What do they want? That might be the question on many employers minds regarding the Millennials and Generation Z dominating the workplace.
Dubbed digital natives, these generations (born between 1981 and 1996) came of age alongside online platforms and phones, and are believed to make up half of the world’s working population.
Worklife spoke to Human Resources professionals to understand how these young generations are reshaping the workplace.
This new generation has been described as restless, impatient, entitled and unable to be loyal to one job. Are they just a fun-loving bunch afraid of responsibility?
Selwood Consultants Executive Director Gabriel Kariuki reckons that this new generation needs to be “properly” nurtured to harness their energy and capacity.
Perhaps, the verve that baby boomers (their parents) had has fizzled out with this new generation. “They have challenges in terms of attention to details, consistency and taking life extremely seriously,” he said.
How important is a work-life balance for them compared to the older generations? And are we being too harsh on people who just want decent working hours and pay?
“I think for them, life is more important than work. The upbringing is the real challenge because the parents have done most of the things for them even after they are employed,” said Kariuki alluding to the perceptions that they are spoilt brats.
“They will go to great lengths to do betting, take all kinds of loans from Mshwari, Tala, Branch, Fuliza, and even shylock, without caring much about how the same will be repaid. Literally short of living way beyond their means,” he added.
Does it take more than good pay to keep them? Firms have no choice but to adjust and accommodate them, explains Kariuki. This is as the future of work rapidly changes to incorporate more technology and even remote working.
“The firms have no choice but to make suitable adjustments because as the old generation exits the workplace, these are the people you are left to work with,” added Mr Kariuki.
“You need a workplace policy that accommodates their interests if you are to keep them. Such include flexitime, relaxed dress code, social media flexibility, availability of wifi.”
Kariuki notes that employers need to keep thinking of ways to accommodate their trends and styles as they even change the workplace dressing codes.
It’s no longer a stiff suit and ties but “business casual” he notes, previously unheard of.
“Unless checked, the dress code has changed to less formal, and management has to keep thinking of ways of accommodating their styles and trends.” But might have society gotten them wrong and want what all workers desire.
Kariuki noted that the misconceptions are that they are lazy and cannot be relied upon and don’t perform assigned tasks properly. He insists they are productive people when properly guided, directed and supervised.
“Whereas their uptake of professional advice from the older generation is low, they are technologically savvy and curious to know how to do things better, using less time and fewer resources,” said Kariuki, explaining the folly of them thinking they’ll never grow old. “The key thing is to understand them, train them and if possible, drill them accordingly on professional practices. They also need a change of mindset that the older generation is not all that outdated!”
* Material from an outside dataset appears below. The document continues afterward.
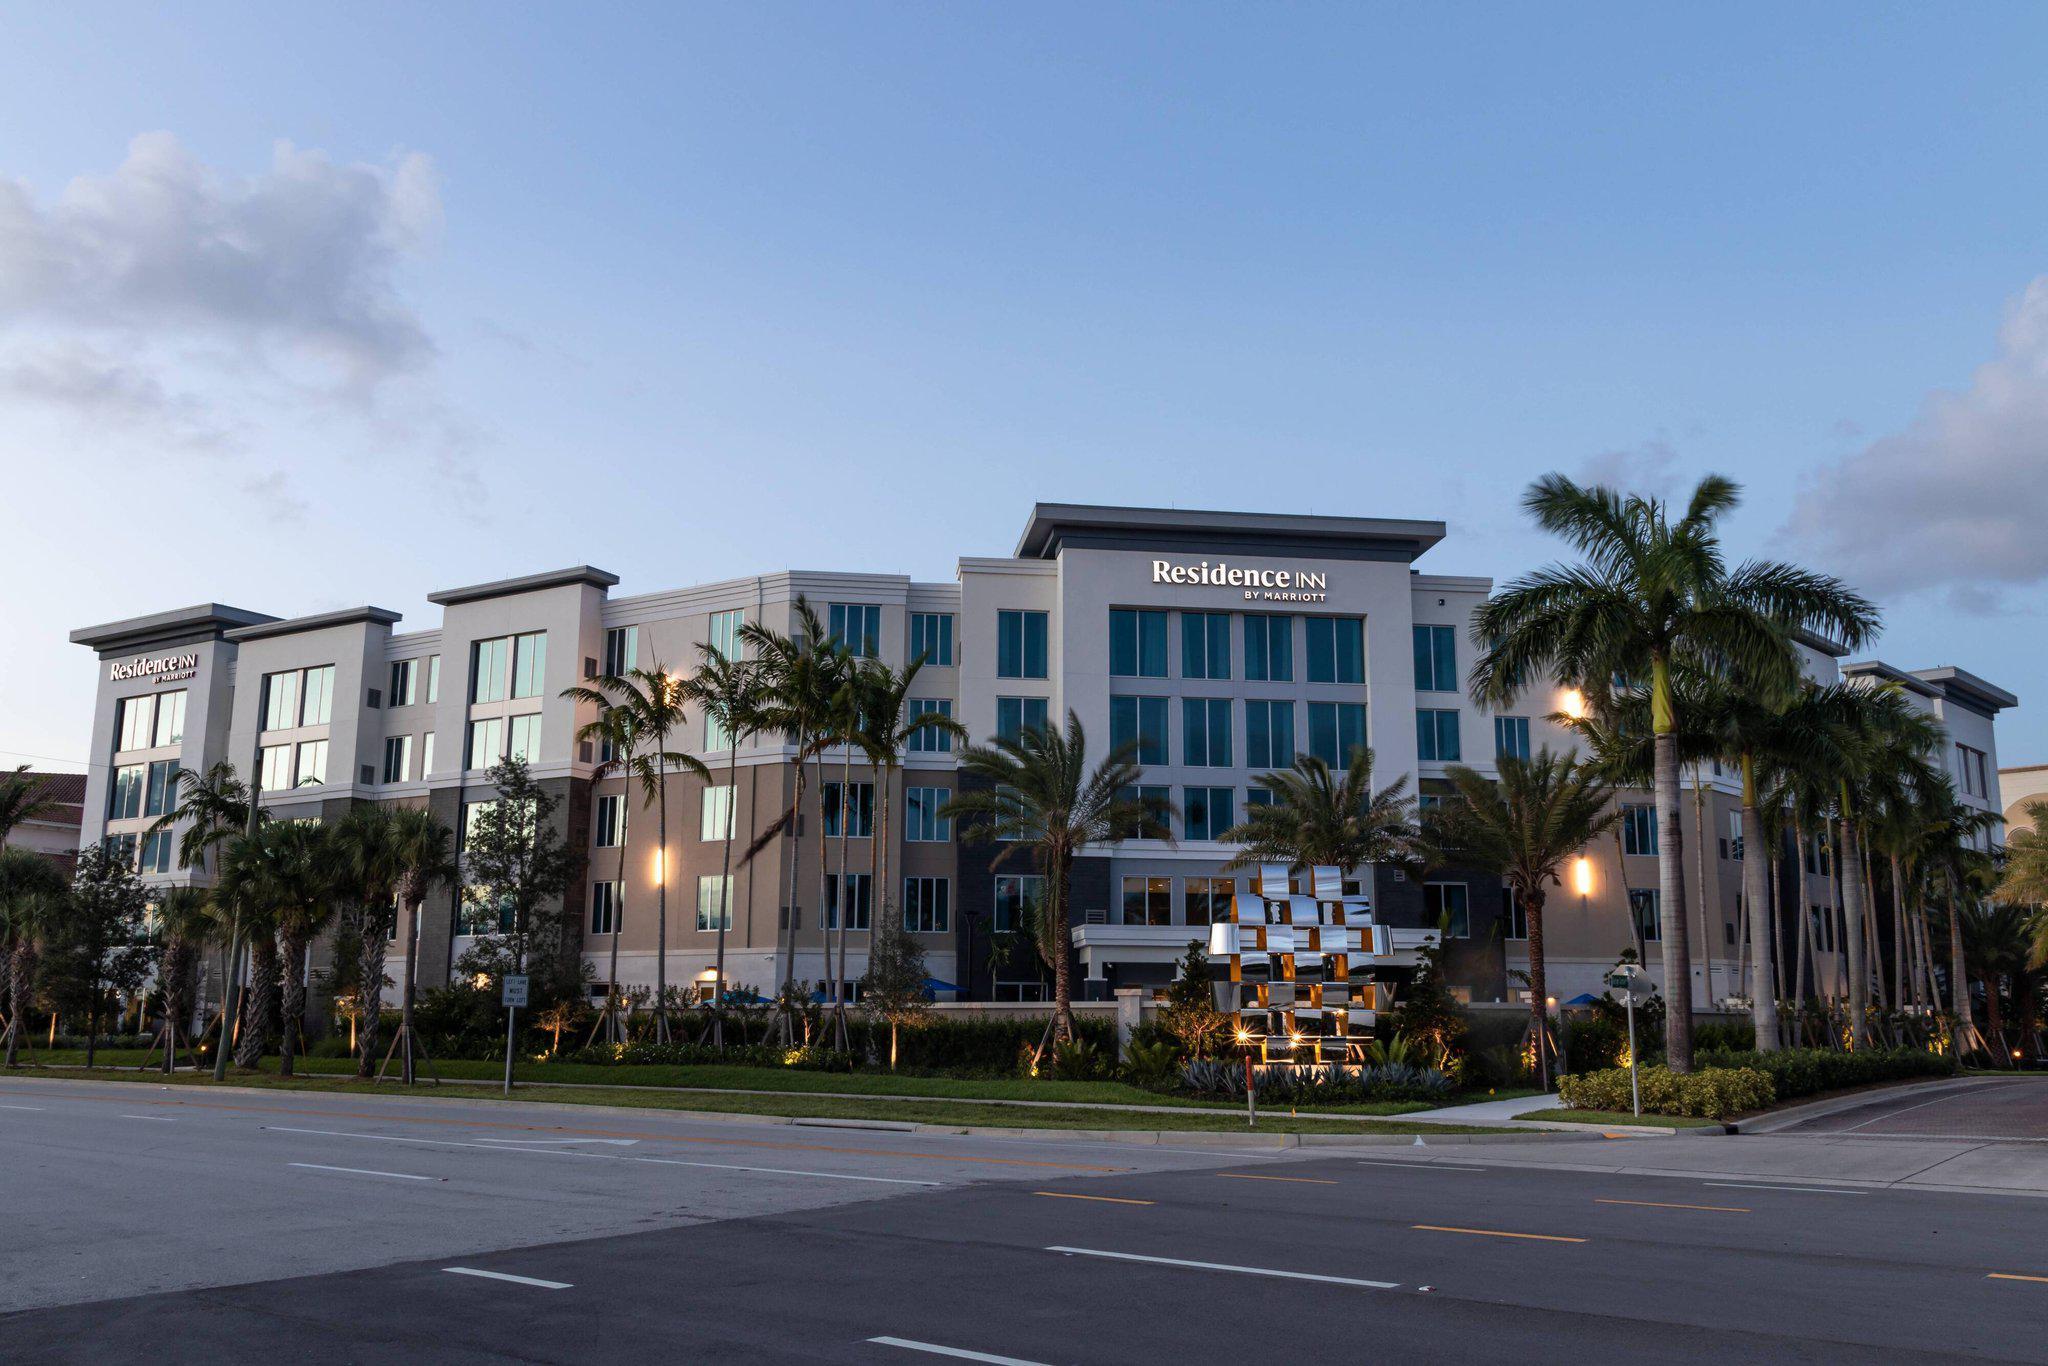 Residence Inn by Marriott Palm Beach Gardens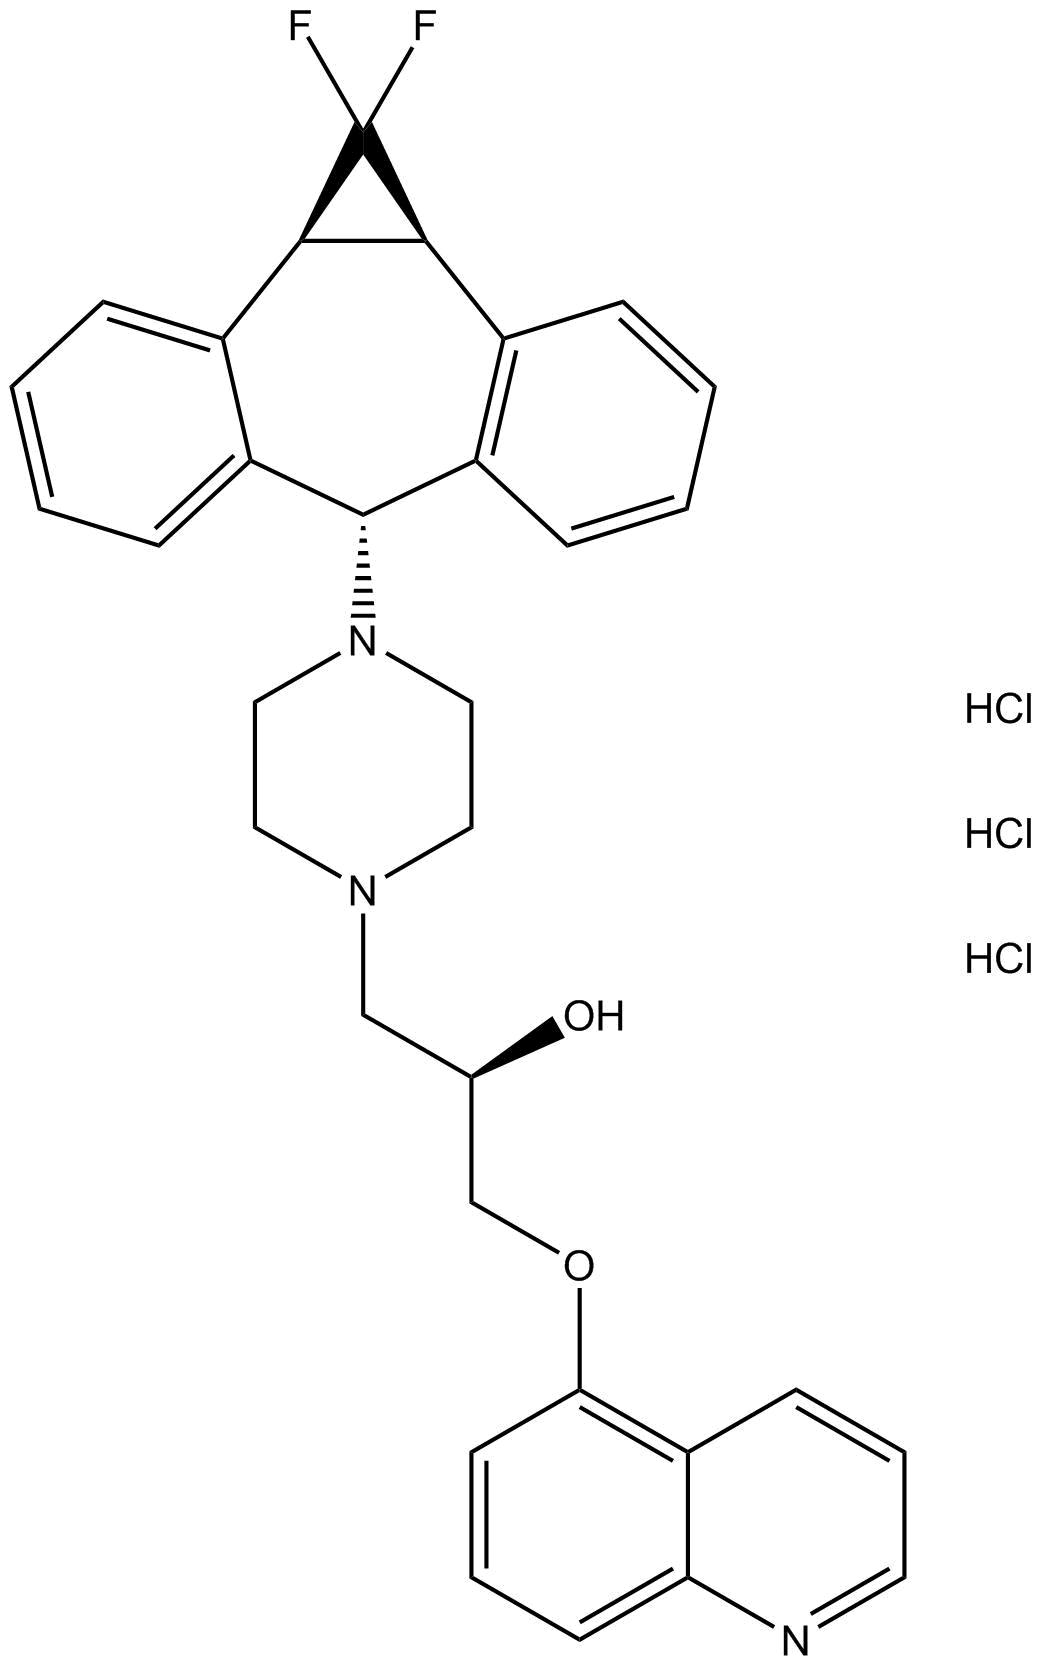 LY335979(Zosuquidar 3HCI)

A recent survey by Deloitte notes that online platforms and social media have handed Millennials and Generation Z the ability and power to dish out their opinions, influence distant people and institutions, and question authority in new ways.
“These forces have shaped their worldviews, values, and behaviours. Digital natives’ ability to connect, convene, and create disruption via their keyboards and smartphones has had a global impact,” said the Deloitte Global 2021 Millennial and Gen Z Survey.
The global change movements such as Black Lives Matter marches on climate change and the #MeToo movement have been fueled by these generations.